Lent 2022

 

Lent 2022: Who Are the Just?

Justice

A Reflection for the Tuesday of the First Week of Lent 

Over the summer, I worked as an intern at a federal court office in New Haven. I spent two days a week reading briefs, summary orders and opinions, and in the end, I created a database of all of the cases that had been considered in that particular office. It was a rewarding summer, and I left the final day of the internship feeling newly endowed with knowledge of the legal profession.

But there were some concepts that evaded me, and one of those very starkly appears in today’s readings. In the Psalm, the response is: “From all their distress, God rescues the just.”
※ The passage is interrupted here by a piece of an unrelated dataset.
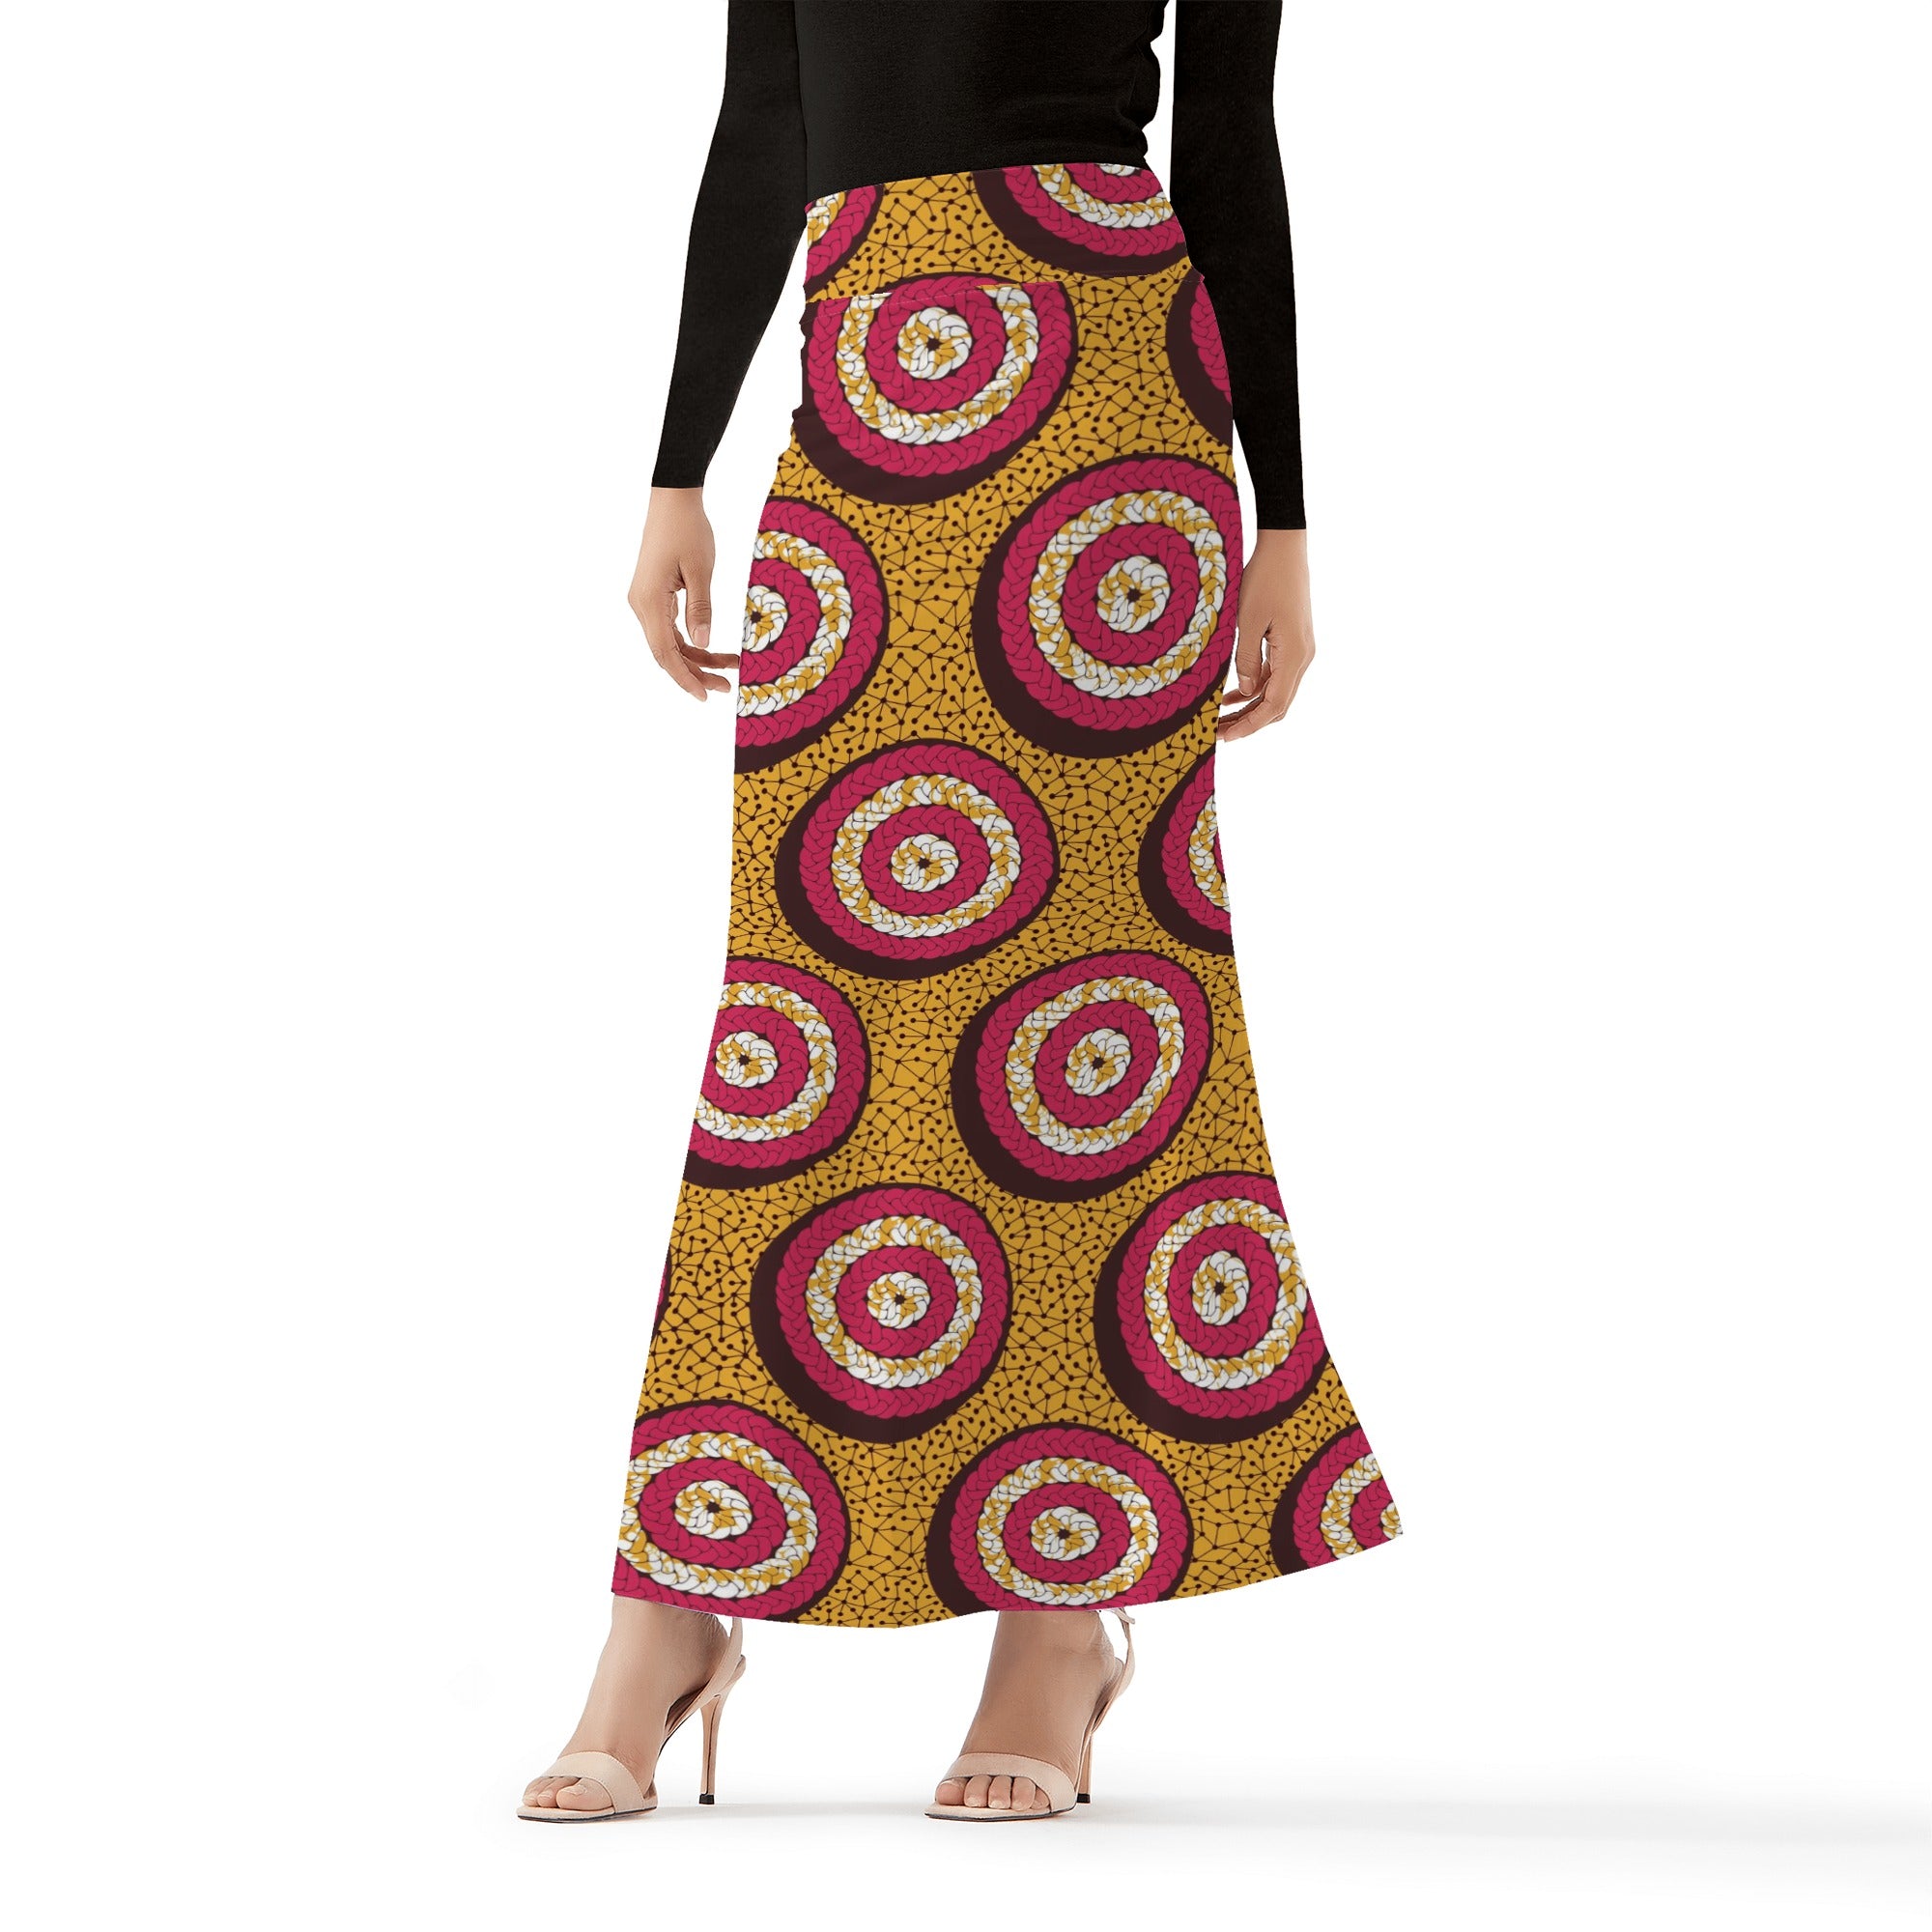 Women's Full Length Skirt in Ankara Prints - African Ankara Prints and Designs | Sumbu Apparel

My question is: Who are the just? When I consider the term, I think first and foremost of a judge or an emperor, someone who stands behind a bench with a grave face, staring at a huddled accused far below them, doling out what could be called “justice.” It’s a lofty term, one that is difficult — at least for me — to apply to an everyday person.

But twenty-two years in the Catholic church have taught me that God does not only rescue the powerful and the mighty, and in fact there is a special place in his hand and heart for the complete opposite. “Just” may have etymological origins in “jus,” meaning law or right, but over time it has gained additional meanings: virtuous, moral, ethical, truthful and many more.

These words have their own unique sets of complications, but they seem more attainable and more human than the image of power I described above, and this attainability gives me hope that we, too, can be just, and we, too, can be rescued from our distress. And of all of the words “just” is related to, I find “truthful” to be the most within our reach; we can get into arguments about what is virtuous, what is ethical and what is moral, but in the end, I think it seems wise to start at a place of truth. And as I journal during this season of Lent, I’ll start by laying out the truth of how I feel and how I act, and I’ll use that to help chart a path that will bring me closer to God.